Кончина А.С. Суворина является горем не только для тех литературных предприятий, во главе которых он стоял, не только всей журналистики, но и всей общественной и политической России. Отзвуки этого горя проникли далеко за пределы нашей родины: славянство, влиятельные круги Западной Европы, даже не во всем и не всегда сочувственные России, и те признали, что наша родина потеряла выдающегося сына, что с мировой сцены сошел очень крупный человек, игравший в ходе событий последних 25-30 лет видную роль и подчас оказывавший на ход этих событий известное давление и влияние. Полная и всесторонняя оценка почившего сейчас почти невозможна: для этого требуется опубликование массы исторических документов, его обширнейшей корреспонденции, приведение в известность его сношений с разными видными деятелями.
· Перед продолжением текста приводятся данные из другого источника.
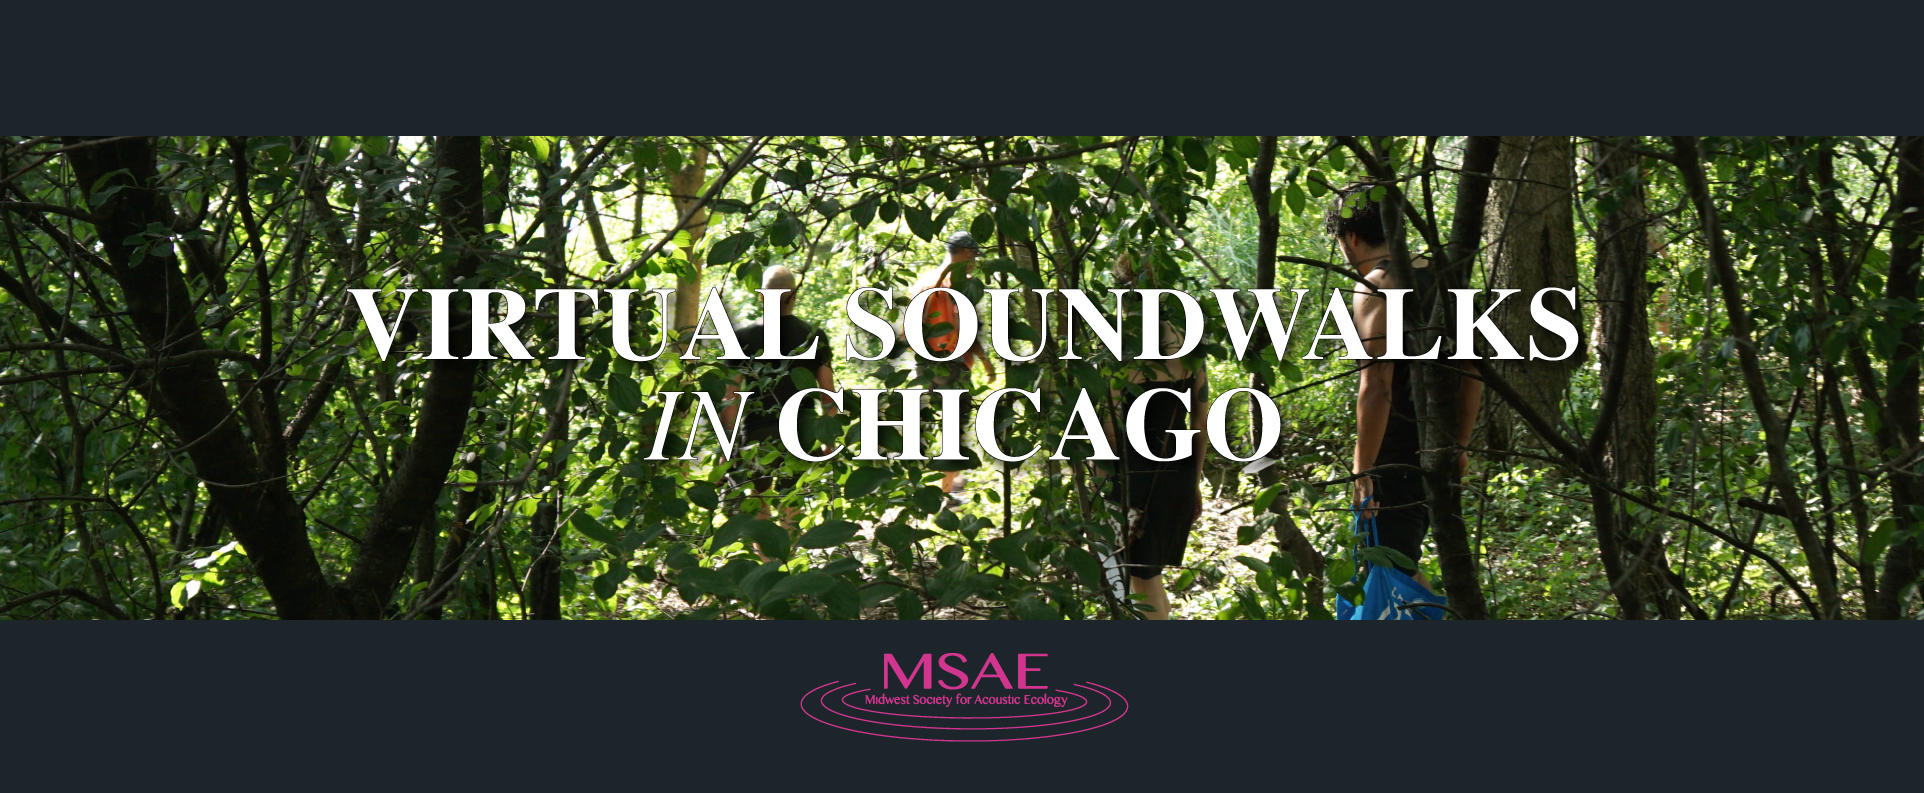 Virtual Soundwalks In Chicago Parks

Несомненно, до известной степени это будет сделано в недалеком будущем в особом специально посвященном Алексею Сергеевичу труде, где фигура этого представителя своей родины вырисуется на фоне общественно-исторической жизни России в пореформенной эпохе. В данной статье я ограничу рамки своей задачи и дам то фактическое о почившем, что появилось в нашей прессе в дни, последовавшие за его кончиной.

Алексей Сергеевич Суворин родился 11-го сентября 1834 г. в селе Коршево Бобровского уезда Воронежской губернии.

В своих прелестных посмертных автобиографических заметках, увы! далеко не оконченных и представляющих собою по простоте и искренности изложения настоящий шедевр литературного искусства, покойный публицист сообщает трогательные и интересные подробности о своем детстве и юности. С некоторыми купюрами, неизбежными в журнальной работе, мы воспроизведем их здесь в их главнейших моментах.

Он повествует: "Отец мой был из большой однодворческой семьи, известной в Коршеве под прозвищем Путатовых. Мы, бывало, так и говорили: "пойдем к Путатовым", к дядьям и племянникам моего отца. Они жили под горой, у самой реки. Рассказывали, что в Путатовых произвели Сувориных потому, что дед или прадед был в каких-то депутатах. Ни отец, ни я не интересовались, что это за депутаты такие были, не интересовались и тем, что за однодворцы Путатовы: обедневшие ли это дворяне, или одинокими дворами сели на берегу реки, вблизи леса и рыбы. Знаю одно, что между однодворцами и другими крестьянами не было никакого различия. Жили, как все, одевались, как и все, и считали себя крестьянами. Отец был, кажется, младшим в семье, состоявшей из нескольких братьев, и был забрит в солдаты в начале царствования Александра, будучи уже женат. Солдатская служба была трудная, начальство строгое, и отец часто вспоминал об этом.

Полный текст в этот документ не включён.